S&P's attorney, Floyd Abram, partner at the law firm Cahill Gordon & Reindel, in a CNBC interview on Tuesday said, "There was no fraud. The ratings that were issued were believed by the people that issued them."

Abram added, "The organization was trying its best to come out with answers at a time when answers were very difficult to come by."

"The government," Abram said, "doesn't have to show that people lost money, they have to show that S&P literally disbelieved its ratings. There is no proof of that, because it isn't so."

Abram pointed out that the ratings issued by S&P were identical to those issued by other ratings agencies and echoed the views on risk held by government agencies and officials at the time.

"I don't think we should be involved, and I don't think Moody's (NYSE:MCO) should be charged," Abram said, although he acknowledges he has no knowledge of Moody's actions prior to the financial crisis.

Not a Pretty Picture
The government's lawsuit against S&P paints a sordid picture of a company that knowingly misled investors and was more concerned about making money than about accurate ratings.

The suit says S&P delayed updating its ratings models, rushed through the ratings process and was fully aware that the subprime market was in trouble, even as it gave high ratings to investments built on shaky subprime mortgages.

The evidence includes a 2007 video of one analyst singing and dancing to a tune about the deterioration of the subprime market, with colleagues laughing.

The Moody's Question
When asked whether the fact that rival agency, Moody's, is not being sued indicates that the government is punishing S&P for its downgrade of the U.S. economy in 2011, Abram refused to speculate.
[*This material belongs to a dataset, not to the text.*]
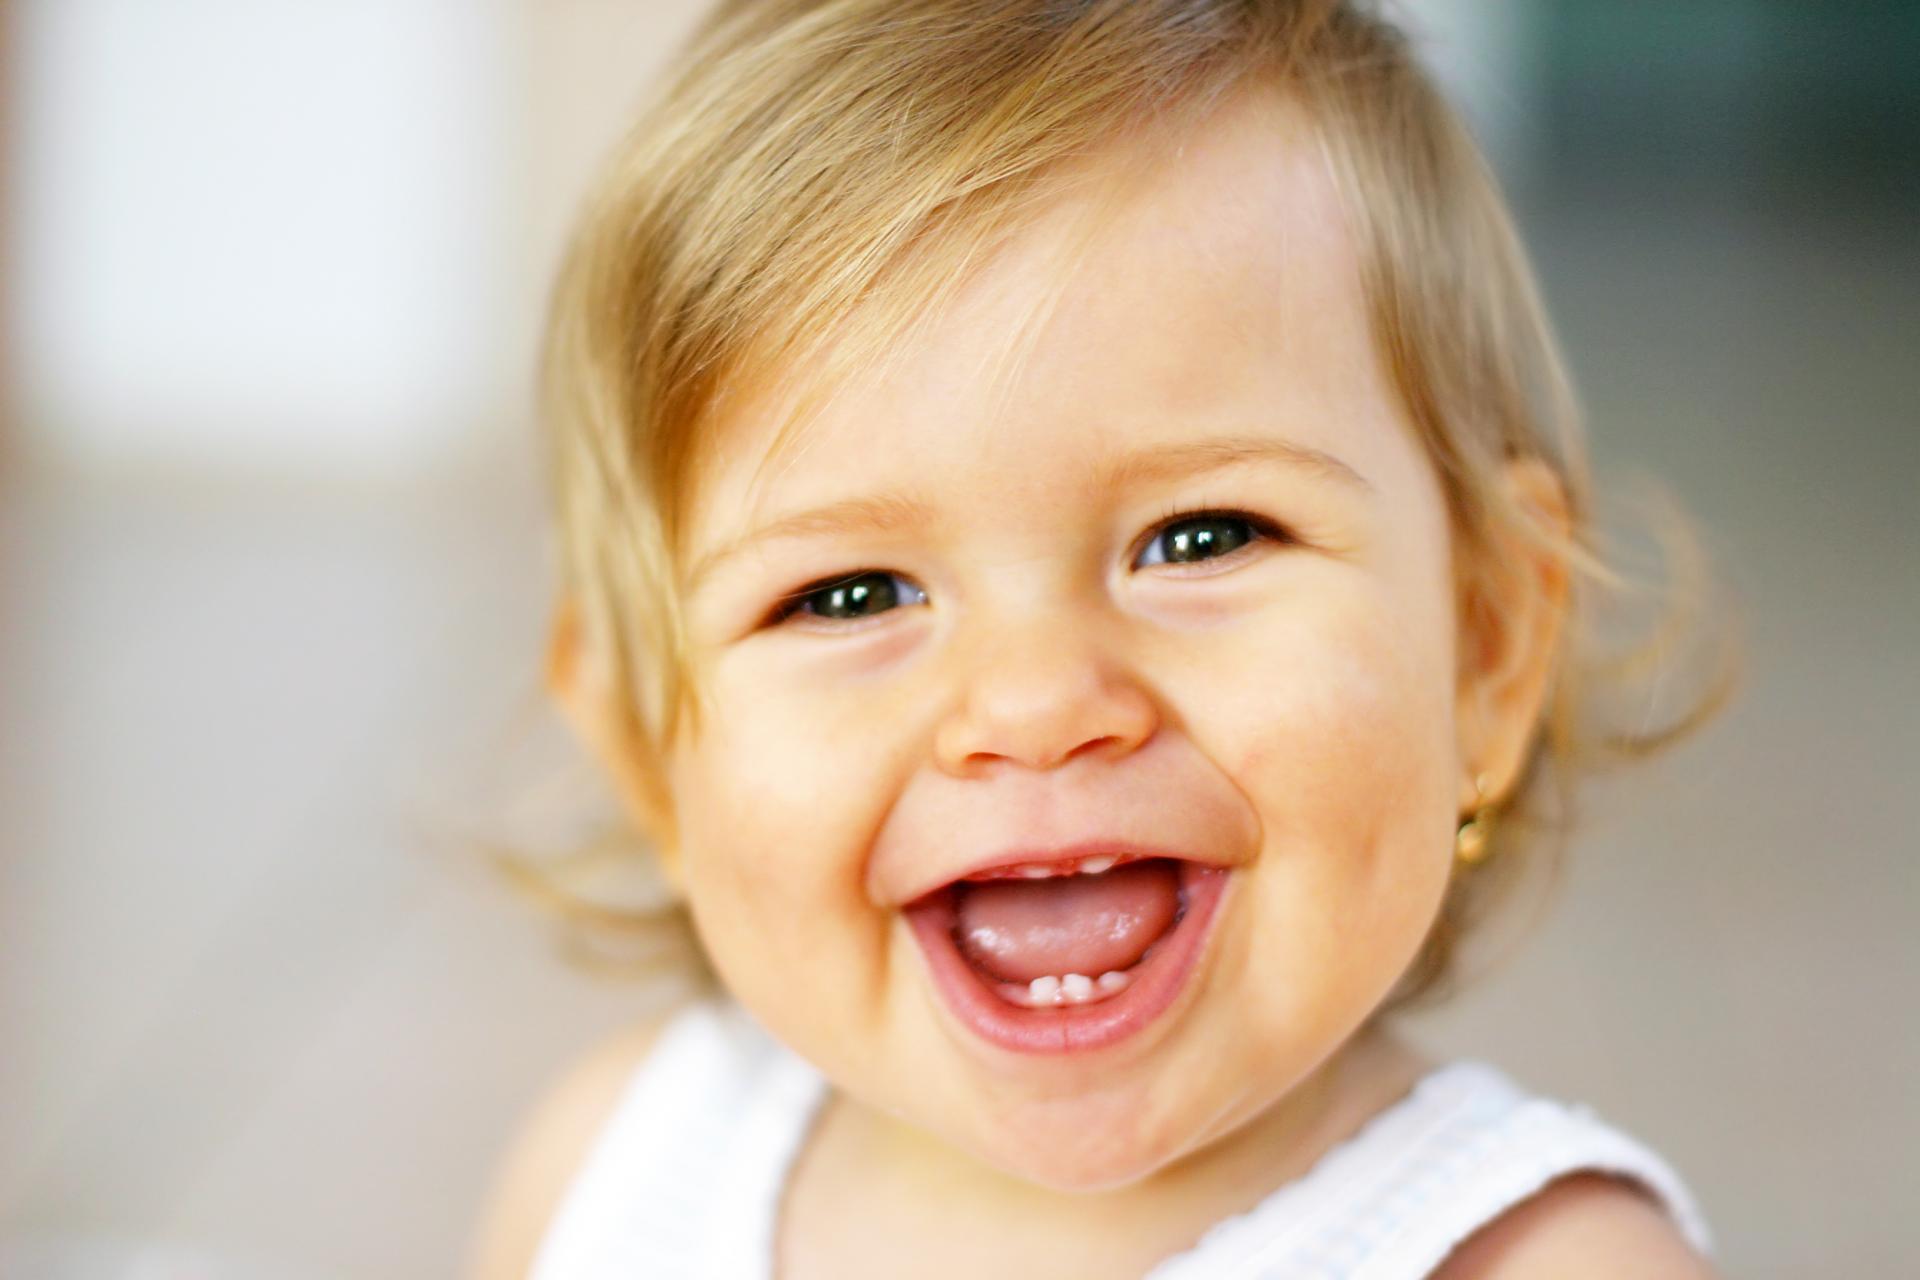 Неприятный запах из ротовой полости у ребенка.

He did say, however, that "the intensity of the investigation" into the agency's bond ratings "significantly increased" after S&P downgraded the U.S. government's credit rating in 2011.

Anthony Sabino, a professor at St. John's University's Peter J. Tobin College of Business, told Forbes that the DOJ lawsuit was "part of the federal government's continued effort to 'round up' anybody and everybody allegedly culpable in the financial crisis."

The Bottom Line
Does this mean Moody's is next? Forbes points out that S&P argues that it wasn't alone in giving insufficient ratings to toxic mortgage assets. BTIG Research expects more action from the government, saying that while agencies like Moody's and Fitch have been able to avoid a lot of litigation so far, that could change as the federal authorities feel more pressure to prosecute.